What to do: In the entries that follow, the line with "Death Valley by volkhard sturzbecher" opens the range and the line with "Moderne Küche Interieur" closes it; repeat that range exactly, both lines included.

---------- Supplied material ----------

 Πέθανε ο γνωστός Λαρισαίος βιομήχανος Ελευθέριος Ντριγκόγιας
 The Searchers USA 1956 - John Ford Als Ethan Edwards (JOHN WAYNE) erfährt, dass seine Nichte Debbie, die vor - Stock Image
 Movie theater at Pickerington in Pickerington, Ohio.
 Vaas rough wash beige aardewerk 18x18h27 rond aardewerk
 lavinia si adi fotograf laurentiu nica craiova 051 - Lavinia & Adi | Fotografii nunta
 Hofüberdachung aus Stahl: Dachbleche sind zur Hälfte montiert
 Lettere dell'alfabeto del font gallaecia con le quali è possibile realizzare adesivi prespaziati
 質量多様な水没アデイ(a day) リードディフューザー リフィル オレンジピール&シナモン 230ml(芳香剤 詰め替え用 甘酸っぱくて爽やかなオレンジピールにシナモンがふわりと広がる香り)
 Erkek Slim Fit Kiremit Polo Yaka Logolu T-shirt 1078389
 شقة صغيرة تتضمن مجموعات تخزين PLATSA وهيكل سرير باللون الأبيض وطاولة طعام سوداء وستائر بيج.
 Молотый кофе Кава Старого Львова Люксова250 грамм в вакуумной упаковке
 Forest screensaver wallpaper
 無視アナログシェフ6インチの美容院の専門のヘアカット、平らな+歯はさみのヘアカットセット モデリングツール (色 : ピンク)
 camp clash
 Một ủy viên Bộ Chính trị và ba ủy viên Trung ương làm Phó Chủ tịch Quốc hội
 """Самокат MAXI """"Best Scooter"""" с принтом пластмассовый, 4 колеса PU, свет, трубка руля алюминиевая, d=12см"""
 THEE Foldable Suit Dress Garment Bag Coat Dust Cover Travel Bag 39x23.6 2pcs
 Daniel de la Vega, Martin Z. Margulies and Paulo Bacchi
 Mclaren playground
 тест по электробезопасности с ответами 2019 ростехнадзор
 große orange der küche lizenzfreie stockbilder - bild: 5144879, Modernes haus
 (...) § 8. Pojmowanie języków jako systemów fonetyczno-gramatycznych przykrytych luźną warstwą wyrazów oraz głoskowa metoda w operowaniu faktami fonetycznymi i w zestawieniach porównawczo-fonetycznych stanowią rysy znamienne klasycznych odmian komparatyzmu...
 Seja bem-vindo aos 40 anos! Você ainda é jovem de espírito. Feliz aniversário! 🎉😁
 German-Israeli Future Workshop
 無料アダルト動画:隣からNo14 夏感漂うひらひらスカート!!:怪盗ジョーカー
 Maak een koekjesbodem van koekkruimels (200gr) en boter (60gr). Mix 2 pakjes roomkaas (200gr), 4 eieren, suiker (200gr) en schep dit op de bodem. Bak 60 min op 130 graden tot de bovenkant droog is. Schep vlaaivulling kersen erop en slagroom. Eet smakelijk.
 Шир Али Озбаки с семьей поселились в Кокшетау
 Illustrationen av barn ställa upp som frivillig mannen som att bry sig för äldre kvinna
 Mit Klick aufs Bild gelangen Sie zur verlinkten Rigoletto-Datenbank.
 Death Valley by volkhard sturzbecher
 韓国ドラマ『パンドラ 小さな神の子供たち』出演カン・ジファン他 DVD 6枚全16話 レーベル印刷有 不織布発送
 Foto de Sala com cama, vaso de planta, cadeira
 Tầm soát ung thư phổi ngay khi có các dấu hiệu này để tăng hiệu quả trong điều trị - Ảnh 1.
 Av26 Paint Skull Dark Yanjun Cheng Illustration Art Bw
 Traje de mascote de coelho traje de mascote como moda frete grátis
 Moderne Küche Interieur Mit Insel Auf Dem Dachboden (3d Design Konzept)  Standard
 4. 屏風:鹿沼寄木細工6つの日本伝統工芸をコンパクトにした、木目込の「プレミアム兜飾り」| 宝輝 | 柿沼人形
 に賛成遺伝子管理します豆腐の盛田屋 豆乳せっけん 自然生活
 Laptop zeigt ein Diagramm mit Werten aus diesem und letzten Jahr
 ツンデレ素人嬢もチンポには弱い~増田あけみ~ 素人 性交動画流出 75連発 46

----------

Answer area:
 Death Valley by volkhard sturzbecher
 韓国ドラマ『パンドラ 小さな神の子供たち』出演カン・ジファン他 DVD 6枚全16話 レーベル印刷有 不織布発送
 Foto de Sala com cama, vaso de planta, cadeira
 Tầm soát ung thư phổi ngay khi có các dấu hiệu này để tăng hiệu quả trong điều trị - Ảnh 1.
 Av26 Paint Skull Dark Yanjun Cheng Illustration Art Bw
 Traje de mascote de coelho traje de mascote como moda frete grátis
 Moderne Küche Interieur Mit Insel Auf Dem Dachboden (3d Design Konzept)  Standard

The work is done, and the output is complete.